§ **SOURCE RECORDS**:

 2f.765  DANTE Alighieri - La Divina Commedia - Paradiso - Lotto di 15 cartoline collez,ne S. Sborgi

--

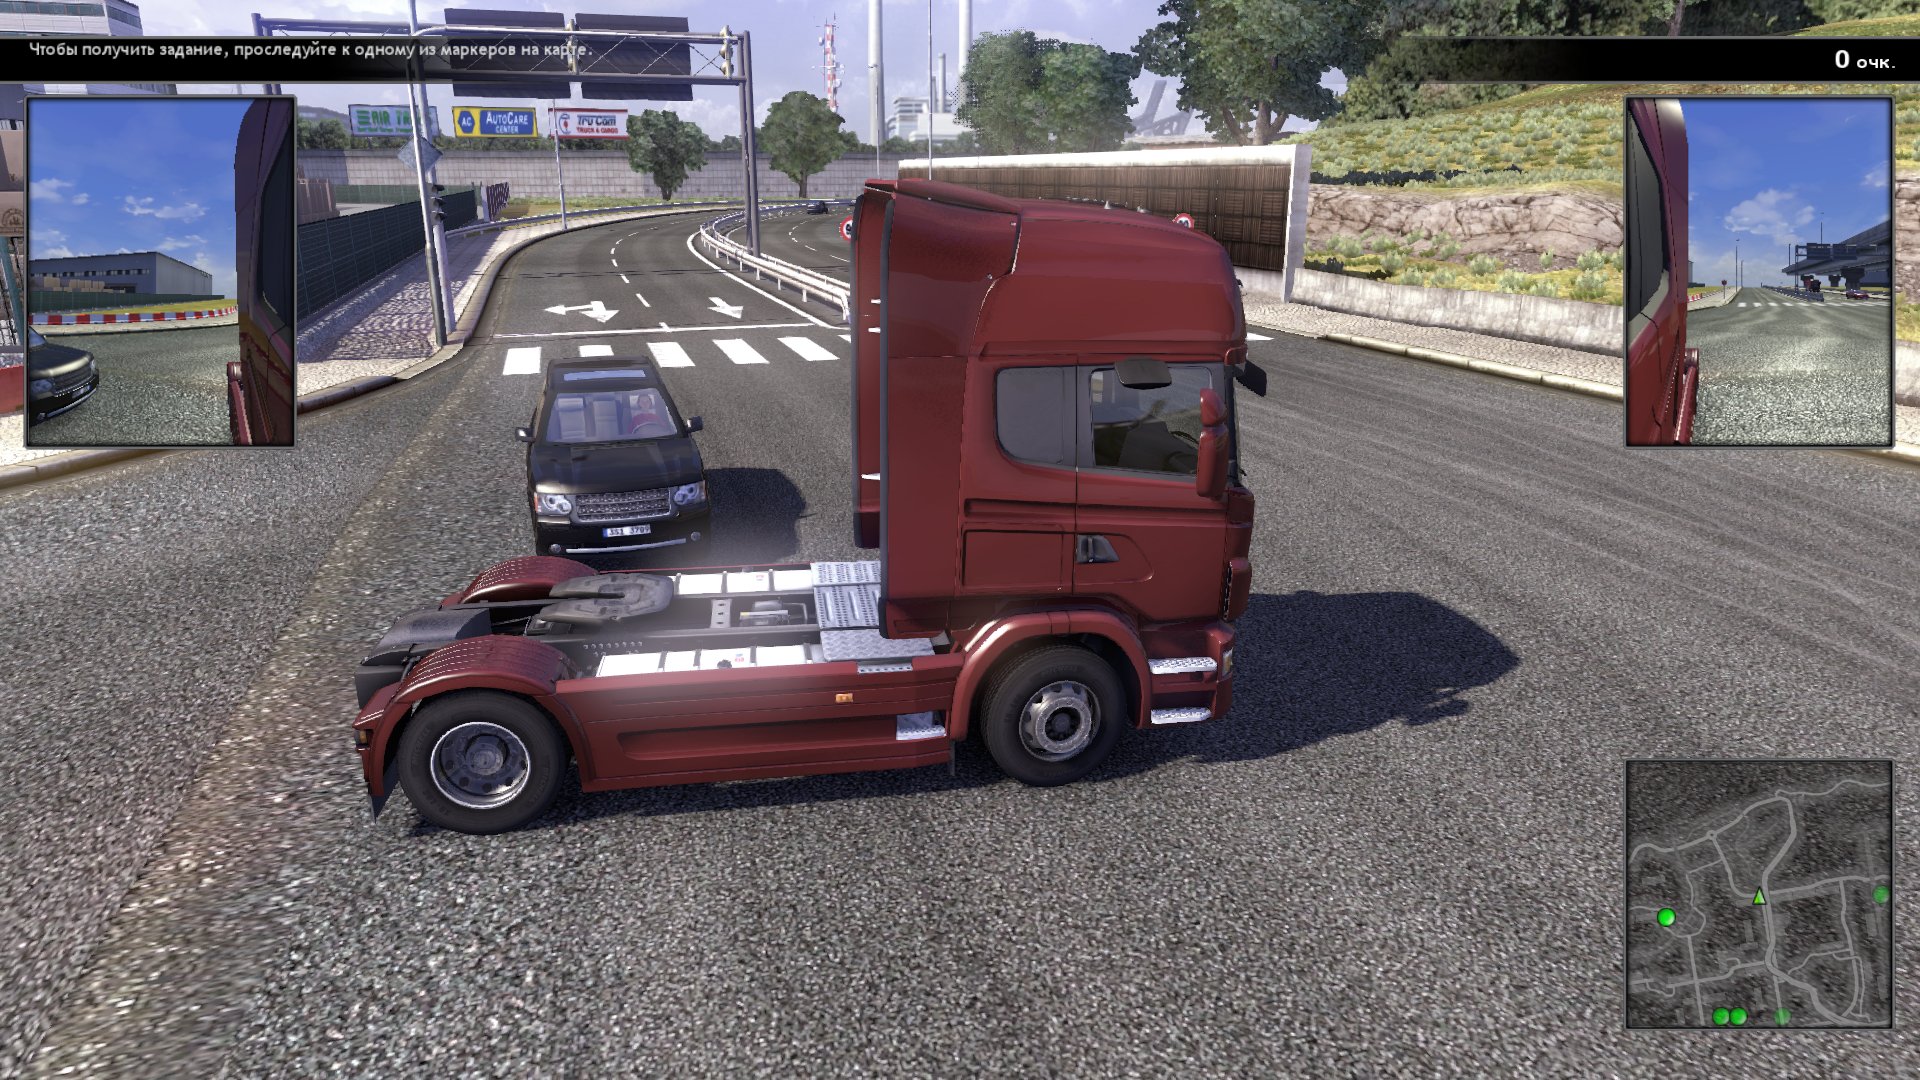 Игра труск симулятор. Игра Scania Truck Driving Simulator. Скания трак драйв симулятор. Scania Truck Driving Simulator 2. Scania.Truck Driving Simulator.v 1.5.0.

==

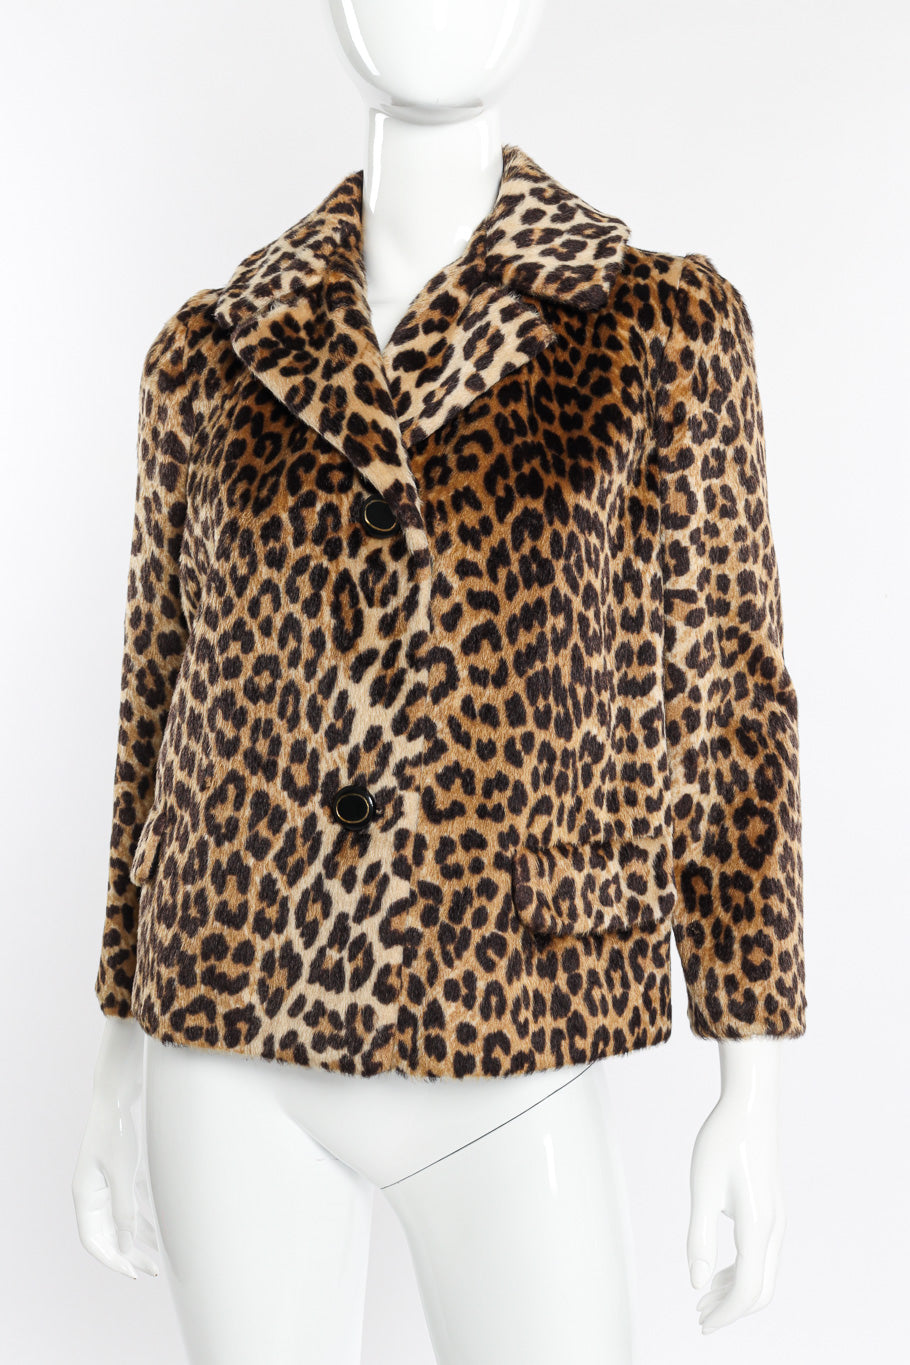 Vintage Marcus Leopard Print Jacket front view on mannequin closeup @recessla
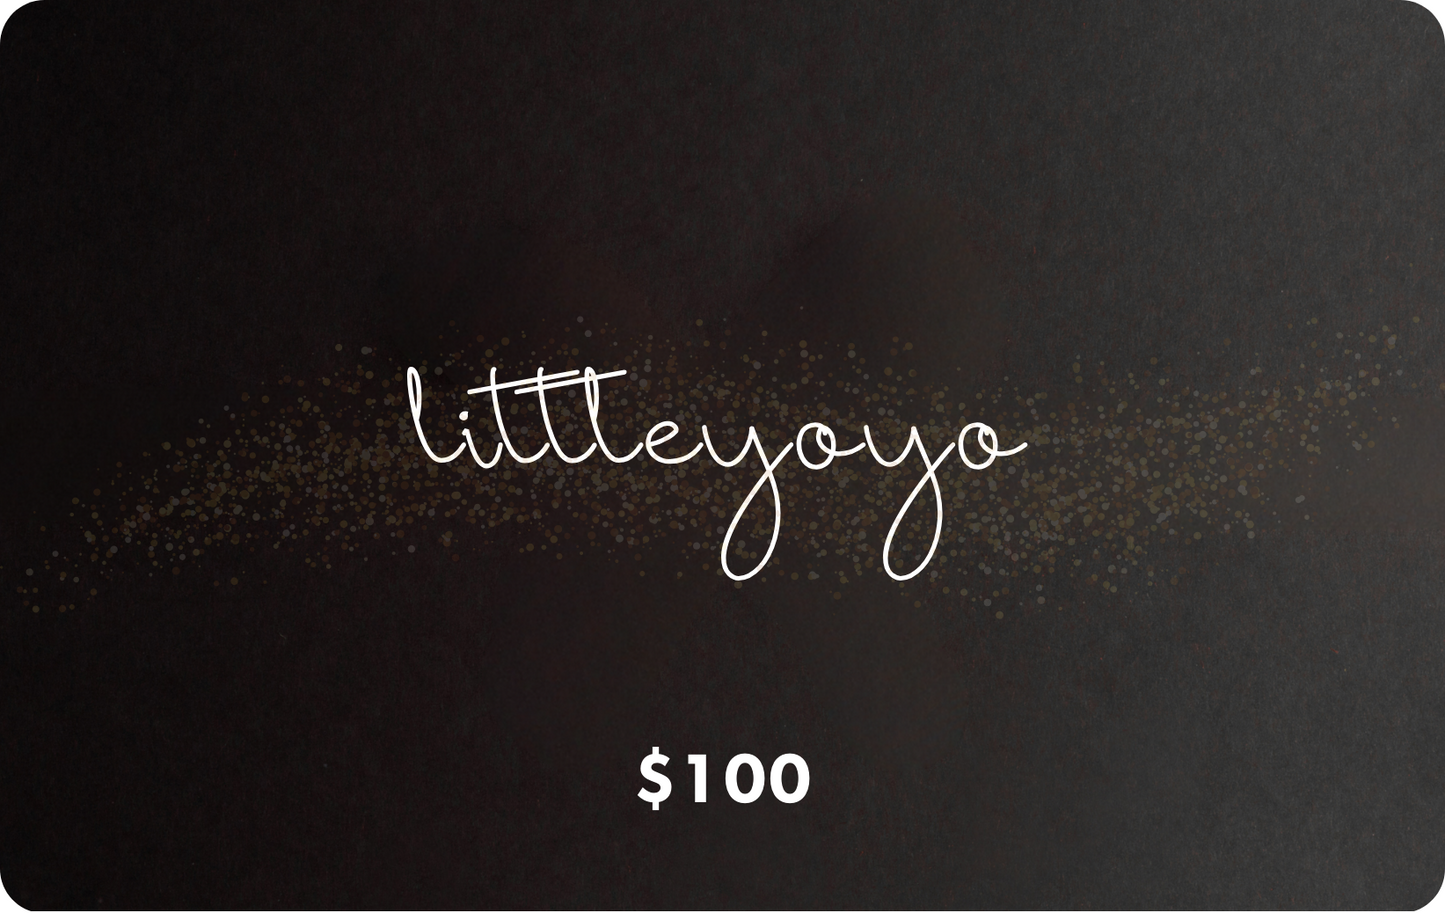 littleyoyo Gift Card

§ **ACTIVITY**: Since the pictures are not part of the copy, please transcribe only the lines above from the one with "Vintage Marcus Leopard" through the one with "littleyoyo Gift Card", exactly and with both ends.

§ **ANSWER AREA**:
 Vintage Marcus Leopard Print Jacket front view on mannequin closeup @recessla
 littleyoyo Gift Card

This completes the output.